As below, 1501+ packets with DF=1 will *not* be fragmented
by the ITR. 1500- packets *may* be fragmented by the ITR
and/or a network middlebox, but we would prefer not
fragment them either.
> The issue is when tunnel overhead over a 1500-byte path breaks
> the 1500-byte assumption that is created by the fact that people
> filter ICMP too big messages without bothering to disable path MTU
> discovery.
Yes.
> > Specific transitions I would like to see include:
>
> > 1) Require that all TFEs configure an EMTU_R that is no
> > smaller than 2KB and at least as large as the smallest
> > EMTU_R of all underlying links over which the TFE is
> > configured. (IMHO 2KB is a good number because it
> > allows for a 1500 byte fragmentation threshold at the
> > TNE yet allows room for additional encapsulations
> > on the path.)
>
> If the reassembly happens in the destination host this shouldn't be an
> issue in practice because of the TCP MSS option, if it happens in a
> middlebox we can mandate a number, and 2048 seems like a conservative
> one, or we can specify a way for the destination to let the source
> know what the number is.
Keep in mind that when DF=0 in the original packet there
may be *two* levels of reassembly; a tiny bit of reassembly
at the ETR and a potentially larger amount of reassembly at
the final destination. But, the most we will ever ask the
ETR to reassemble is 1500 bytes.
> > 2) Require that all links transition to adopting IEEE
> > 802.3as Ethernet Frame Size expansion, or better yet
> > Gigabit Ethernet Jumboframes.
>
> There is already a large amount of equipment out there that does "baby
> jumbos" which should be enough to allow encapsulation of a 1500 byte
> packet without problems,
That's good.
> but there's also still a lot of 100 Mbps and
> some 1 Gbps equipment out there that can only do 1500 or 1504.
That's not so good.
> I
> believe that a new effort like this allows us to require people to
> upgrade their MTUs, something that's pretty much impossible to do at
> any other time, so I would be in favor of doing so.

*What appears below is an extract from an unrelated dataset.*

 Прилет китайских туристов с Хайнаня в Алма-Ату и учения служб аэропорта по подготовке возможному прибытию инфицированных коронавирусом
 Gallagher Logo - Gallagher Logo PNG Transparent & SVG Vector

Agree; maybe we can get Dino to help give a push in this
direction.
> > 3) Require that all original sources that send packets
> > of 1501 bytes or larger with DF=1 also implement
> > RFC4821.
>
> Not really an issue, in my opinion. If you send large packets you
> either need to implement RFC 4821
You (i.e., the original source) can control this.

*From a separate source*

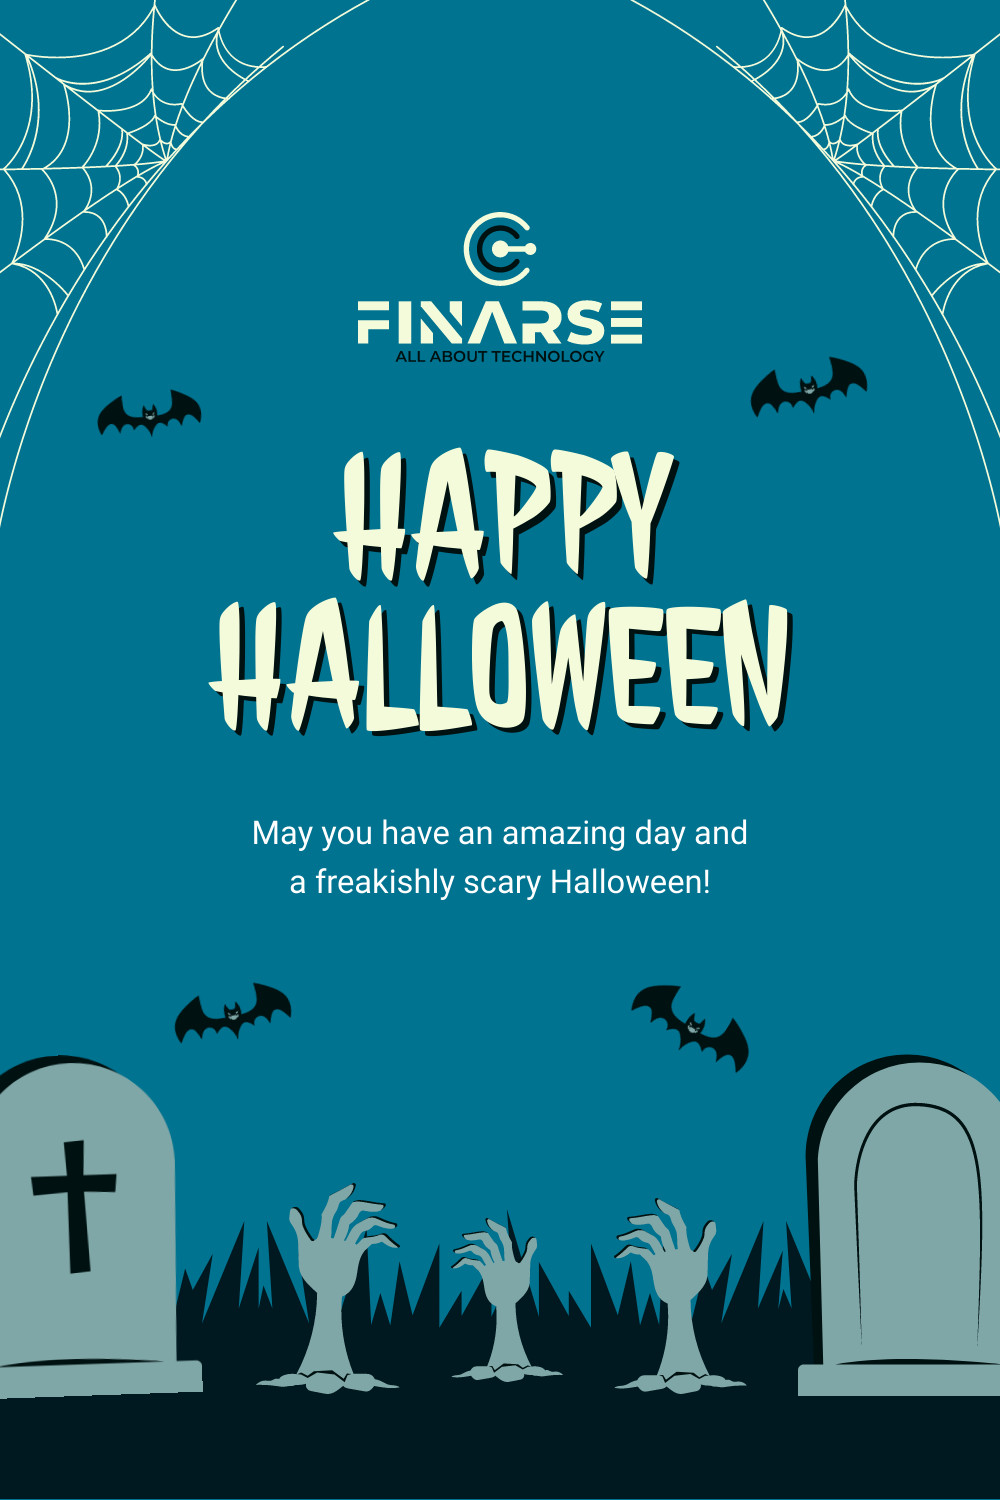 Freakishly Scary Halloween 
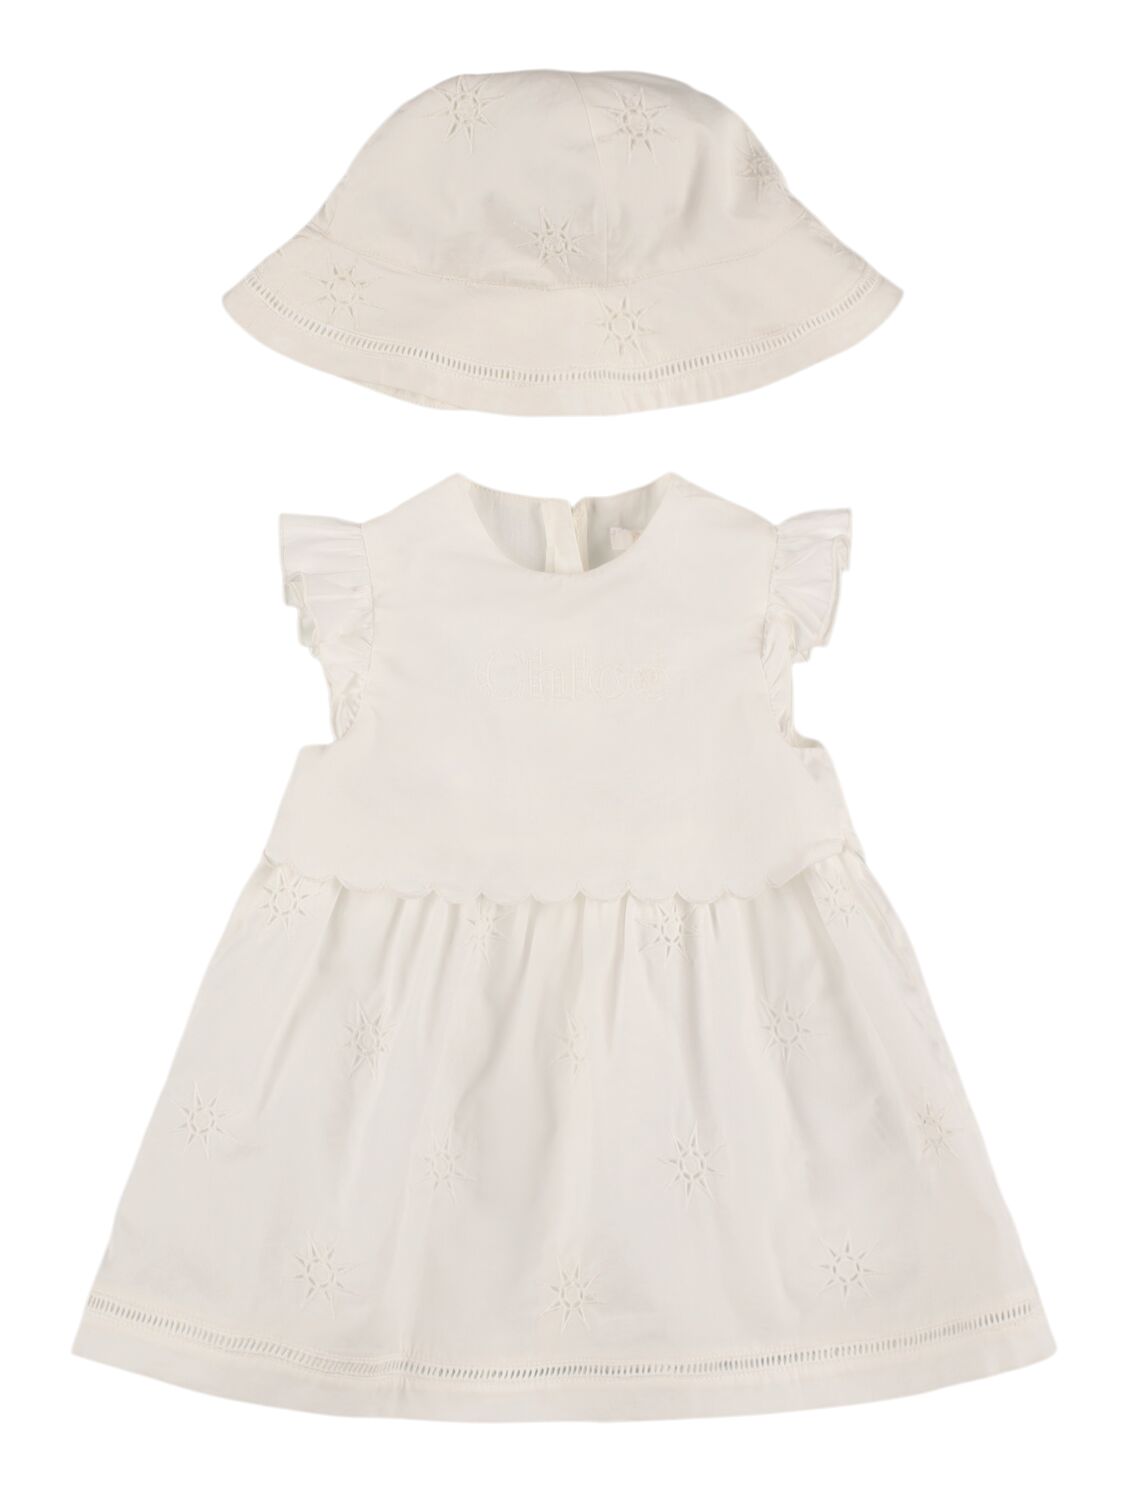 Chloé Babies' Cotton Poplin Dress & Hat In White

> or you need to make sure that you
> hit a 1500-byte hop that reliably sends you too bigs before you enter
> the big bad internet.
The original source can't control this.
> If either of these are impossible (and assuming
> TCP MSS clamping isn't an option) you can't realistically have an MTU
> larger than 1500 bytes.
No, but we can go for a BCP that says: "original sources
the send 1501+ packets with DF=1 are strongly recommended
to implement RFC4821. IMHO, there is a BCP to be written
based on sprite-mtu and also on these discussions which
can help bail us out of many of the issues.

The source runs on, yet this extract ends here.